Population (2025-01-01)
- • Total: 1,830
- • Density: 15.2/km^{2} (39.3/sq mi)
- Demonym(s): Sobradense (m),Sobradesa (f)
- Time zone: CET (GMT +1)
- • Summer (DST): CEST (GMT +2)
- Postcode: 15813
- Area code: +34
- ISO 3166-2: ES-C
- Website: http://www.sobrado.es

= Sobrado, Galicia =

Sobrado is a municipality in the province of A Coruña, in the autonomous community of Galicia, Spain. It has a population of 2,087 (according to the 2011 Spanish Census) and an area of 121 km^{2}. Sobrado is well known because of Sobrado Abbey, a Trappist monastery.
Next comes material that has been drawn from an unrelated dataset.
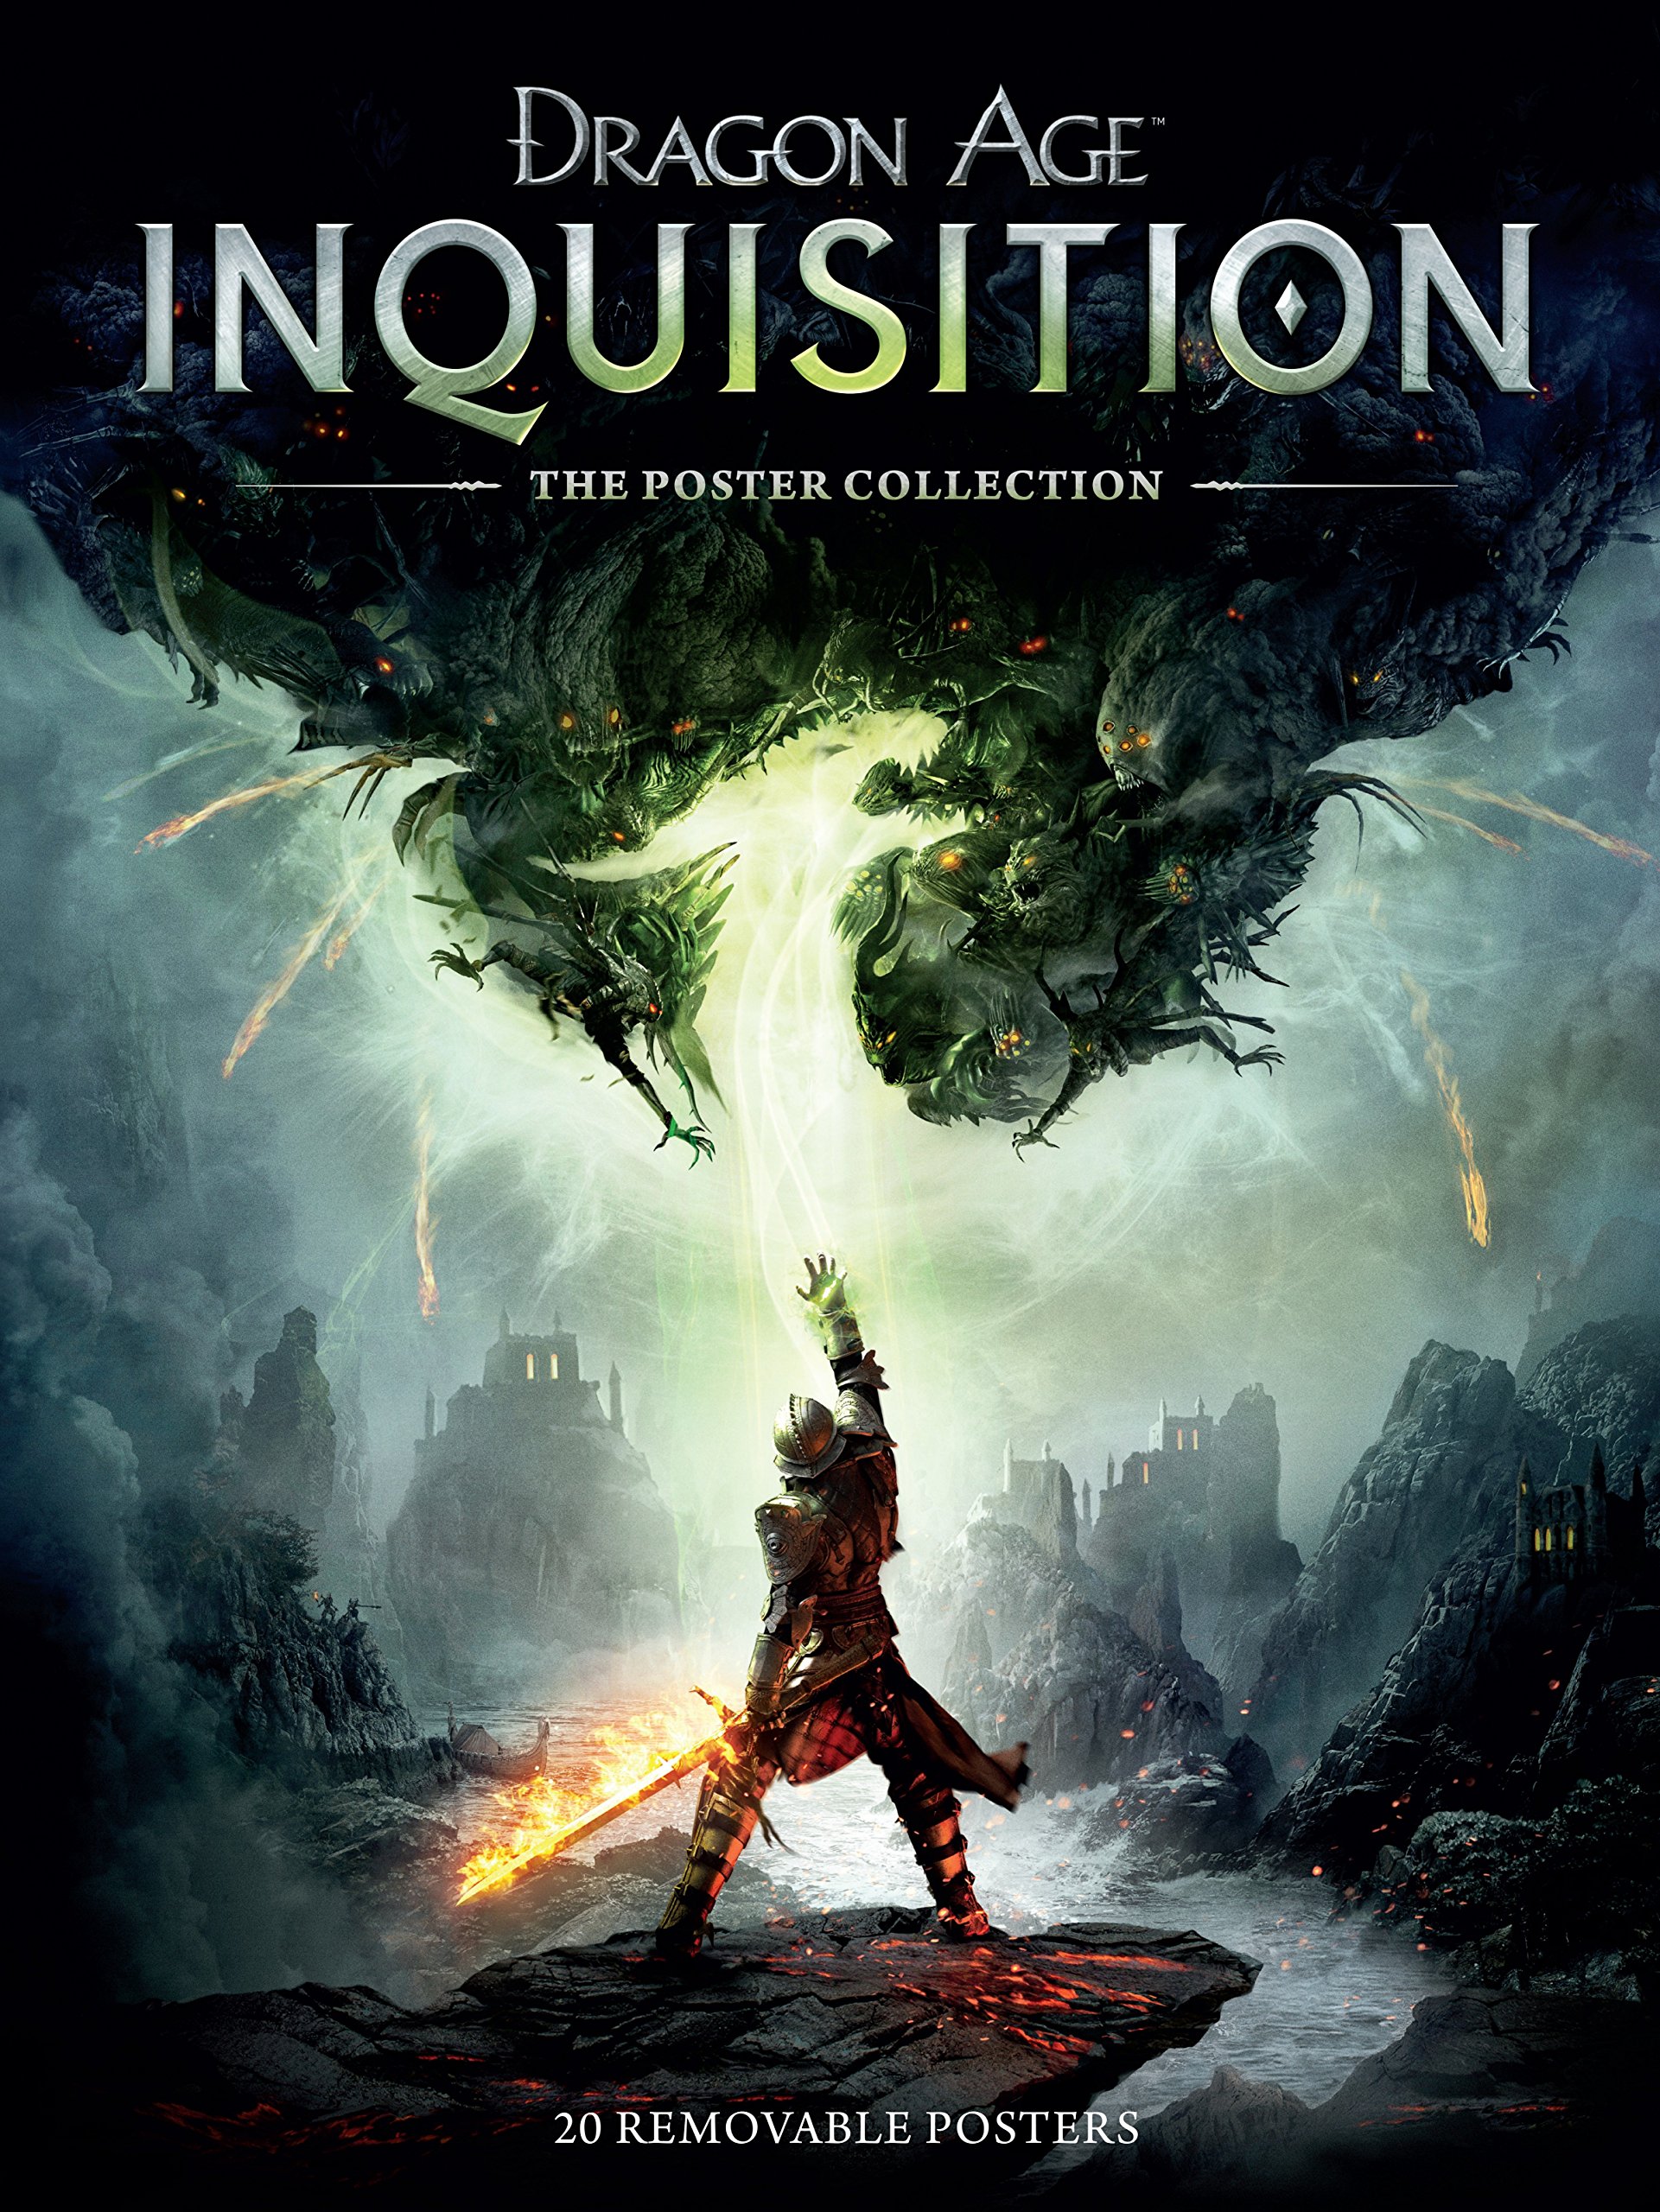 Dragon age inquisition pc download free

The town is known by the name Sobrado dos Monxes in Galician or Sobrado de los Monjes in Spanish but the official name is just Sobrado.

==Geography==
=== Demographics ===

Historical population
| Year | 1930 | 1950 | 1981 | 1991 | 1996 | 2001 | 2008 | 2007 |
| Pop. | 5,583 | 6,459 | 3,466 | 2,894 | 2,706 | 2,402 | 2,360 | 2,244 |
| ±% | — | +15.7% | −46.3% | −16.5% | −6.5% | −11.2% | −1.7% | −4.9% |

=== Climate and vegetation ===
The town of Sobrado, in its climatic characteristics (temperatures, precipitation, humidity, hours of direct sunlight) has a climate characteristic of the European Atlantic that means wet and cool, with heavy rainfall due to greater latitude within the autonomous region and the dorsal Galician screen acting for the Atlantic storms that discharge heavy rains on this side, approaching the annual average 1,400 mm.

Temperatures are a little more extreme, the result of the recession of the coastline and its position in the mountains and foothills. The average annual temperature is 8.4 °C, undergoes major changes, with highs in July to 33 °C and minimum in December to 3 °C below zero.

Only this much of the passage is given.